Furthermore, if attackers really want to target an individual, they have ways to do it without gaining physical access to the system. With a spearphishing attack, they can induce the individual to click on a malicious link that remotely downloads malware.

Preventing employees from taking their laptops and information also deprives the organization of the key business benefits of using a full-featured portable computing device; employees will likely be less productive as a result. So when assessing the risks of traveling with mobile devices, an organization needs to think through the tradeoff between risk and benefit, including the cost of providing what they believe to be a “clean” system and the impact on the user.

Building Credibility

Ultimately, our ability to influence people’s risk perception depends on our credibility. We need to build trusted relationships with executives and specialists across the organization to ensure our security concerns are seriously considered rather than seen as fearmongering or target fixation.

Trust is hard to create and easy to destroy. If business groups think we are providing unreliable and exaggerated information, will they trust us to provide their security? If we create a security scare about a threat that turns out to be irrelevant or overblown, we may be seen as just another source of misperception.

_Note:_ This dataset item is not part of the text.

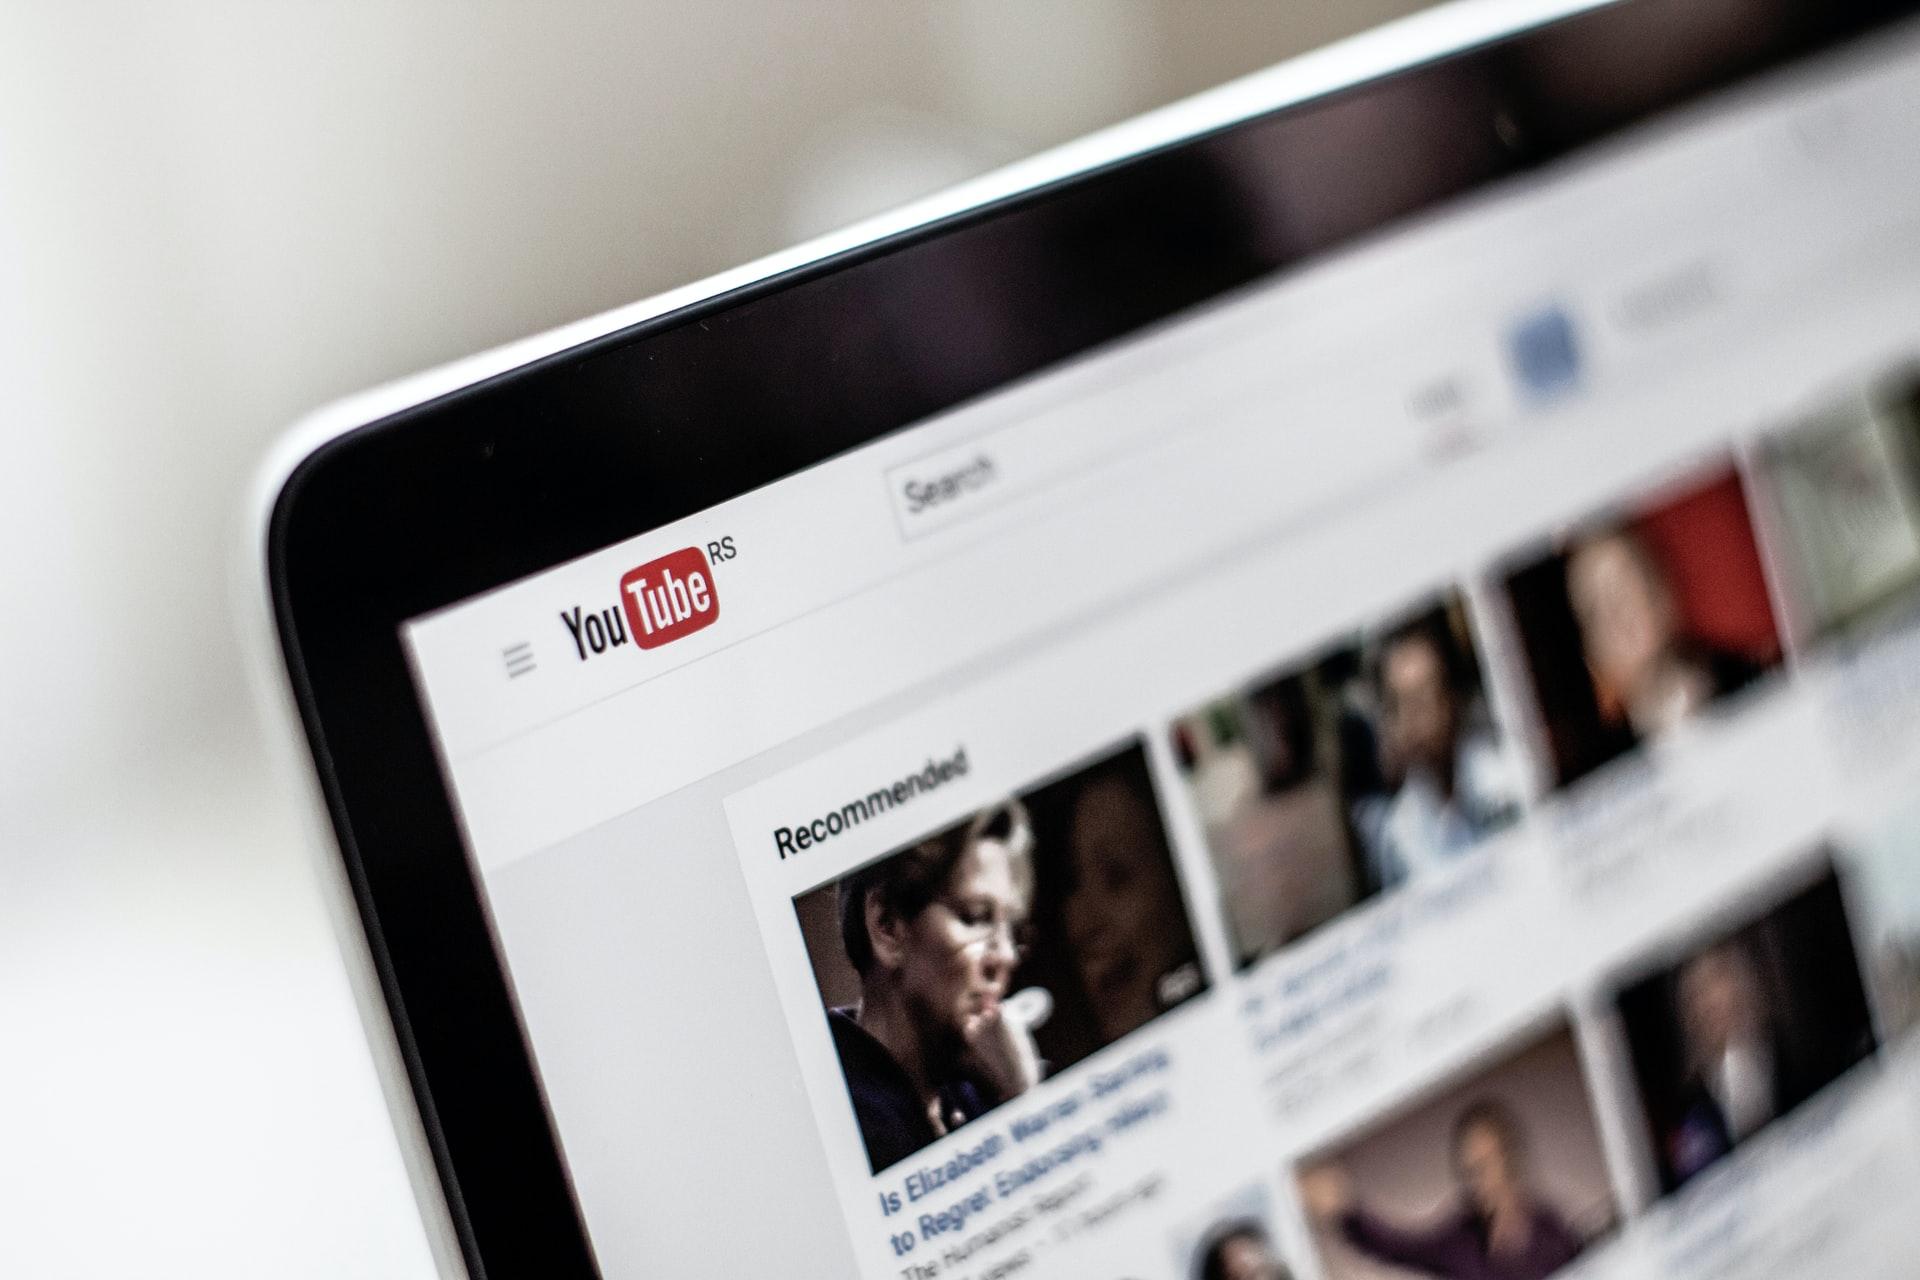 laptop-youtube-browsing

As I’ll describe in more detail in Chapter 9, we can establish credibility by demonstrating consistency, striving for objectivity, and showing that we can accurately predict the real security issues affecting the organization, and then communicate them in an effective and timely way. Credibility is also built on the competence that comes from understanding the business and technology as well as possessing core security skills. As the scope and importance of information security continue to expand, creating this credibility provides an opportunity to step into a more valuable, high-profile role within the organization.